Research Offers Path Forward for Integrating Flood Modeling Methods

photo of flooded florida neighborhood with water over roadway

Twenty five inches of rain in 24 hours floods local Fort Lauderdale neighborhood streets. (Jillian Cain for AdobeStock)

Before rain begins to fall, scientists and engineers can predict where a storm might cause flooding thanks to advanced modeling and digital simulations that help guide billion-dollar decisions involving infrastructure design, emergency response, land-use planning, insurance, agriculture, water quality and public safety.

But as new models have evolved, they have diverged into narrow applications or found use beyond their intended scope. The result is a missed opportunity to integrate different methods and improve predictions for flood modeling across domains.

photo of famu-fsu professor adhmadisharaf in blue shirt
Assistant Profesor of Civil & Environmental Engineering Ebrahim Ahmadisharaf. (Mark Wallheiser/FAMU-FSU College of Engineering)

New research, featuring the FAMU-FSU College of Engineering and Florida State University’s Resilient Infrastructure and Disaster Response Center, examined several types of flood models to highlight their strengths and weaknesses and to propose a way forward for integrating model development. The research was published in Reviews of Geophysics.

The research supports critical decisions that protect the homes, livelihoods, emergency response, insurance markets and more.

“As scientists and engineers pushed forward innovation in flood modeling, their work has diverged into a variety of methods, each with its own strengths and weaknesses,” said Assistant Professor Ebrahim Ahmadisharaf, a co-author on the multi-institution study. “But integrating the improvements of various models is where we can really make the most impact across applications.”

How It Works

Flood models are crucial to land use planning, emergency management actions and engineering design. Models can be classified into four types: physics‐based, data‐driven, observational and experimental, and conceptual.

Although all models approximate and simplify the reality of floods and are subject to uncertainty, some trade reliability for efficiency in their computations. Newer models are inclined towards simplified, data-driven methods rather than computational, physics-based approaches because they are easier to implement.

Data-driven models are useful for exploring complex patterns of data and comparing the relationship between flooding and other variables, but these models have limitations when it comes to operational forecasting, design purposes, regulatory hazard analyses and predicting events beyond the conditions represented in their training data because of weak or absent physical constraints.
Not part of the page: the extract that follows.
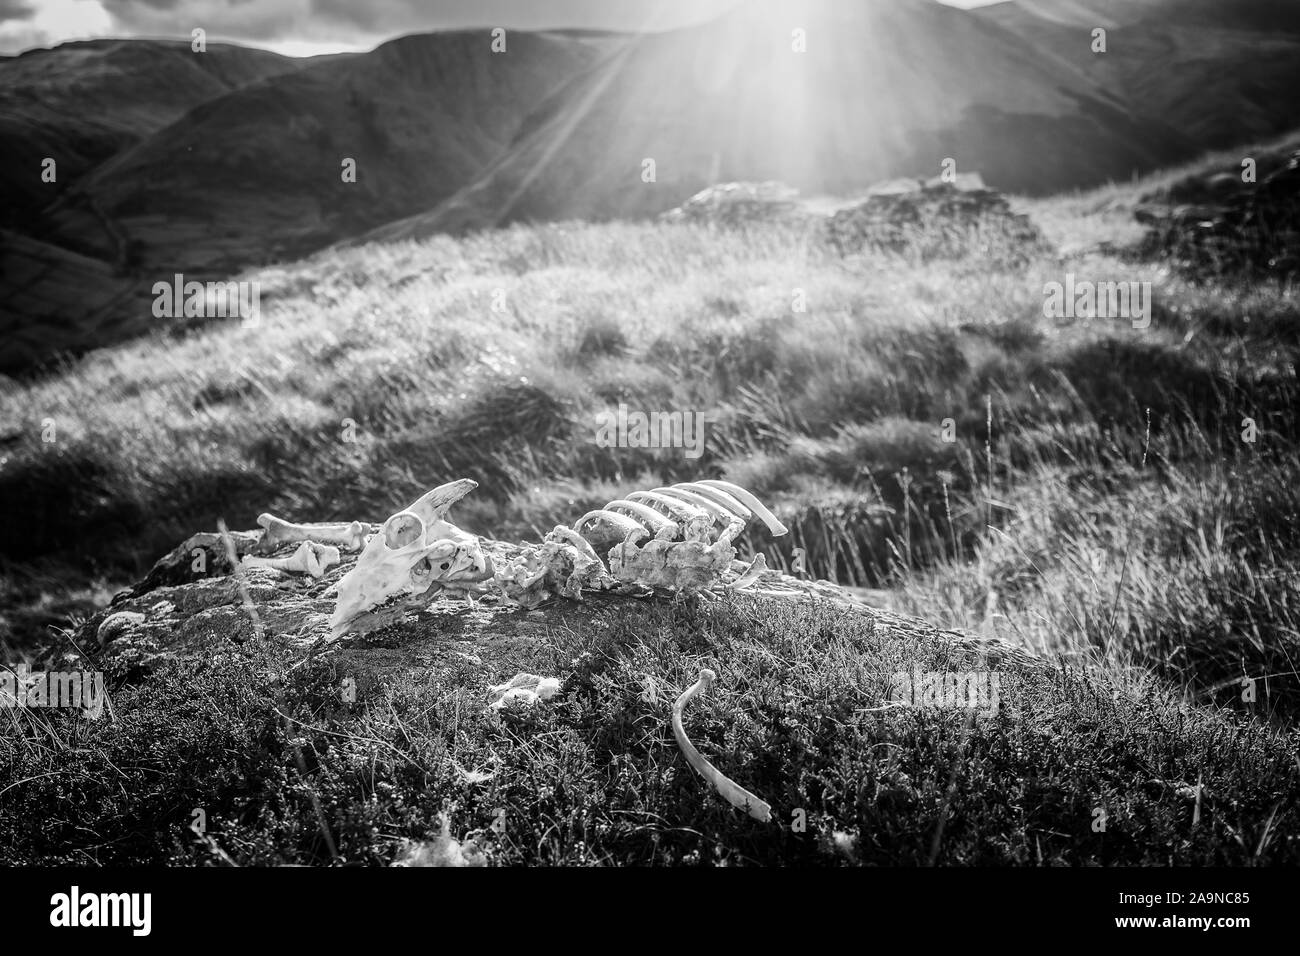 Moutons éparpillés sur squelette rock montagne ensoleillée à jour d'automne dans la région de Lake District, UK - Monochrome Modifier Banque D'Images

Their generalizability beyond the data they are trained for is also limited.

“These patterns have inherent limitations,” Ahmadisharaf said. “As new methods have developed in isolation from older paradigms, their improvements are siloed within their domains. That limits our ability to better prevent flood events.”

Future Directions

The researchers suggest four key directives for future research and development: hybrid frameworks, enhanced physical representation, integration of data-based methods and bridging science and practice.

“We have high-performance computing resources, which could overcome barriers for flood inundation modeling, but there is a trend of using simplified models that don’t take advantage of these new advancements,” Ahmadisharaf said.

Rather than spending resources on overcoming the limitations of simplified flood models, researchers recommended that future developments should emphasize integrating different methods.

“People use simplified methods because they are faster and easier to implement. With data-driven models, however, there is a greater risk when data are limited, because these models are fully dependent on the data. Computational methods understand the physics, but they take longer to run,” Ahmadisharaf said. “Integrating these different models would lead to improvements for both methods.”

Why It Matters

Refining flood modeling systems is crucial to not overextending them beyond their actual capabilities. These systems support critical decision-making, so they need to be accurate and reliable.

“Flood modeling supports decisions for damage reduction, infrastructure design and more,” Ahmadisharaf said. “We aim to make scientists rethink the direction that flood modeling is going, and not use simplified, data-driven methods as a replacement for computational models. We need to use these models to support each other, so that we can better predict flooding events and protect our infrastructure and communities.”

Researchers from Bristol University, University of Alabama, University of Central Florida, Purdue University, University of California, Irvine, U.S. Army Engineer Research Development Center, the University of Tokyo, Tallahassee-based company Halff and UK-based company Fathom contributed to this study.

Ahmadisharaf’s research was supported by the National Science Foundation and the Gulf Research Program of the National Academies of Sciences, Engineering, and Medicine.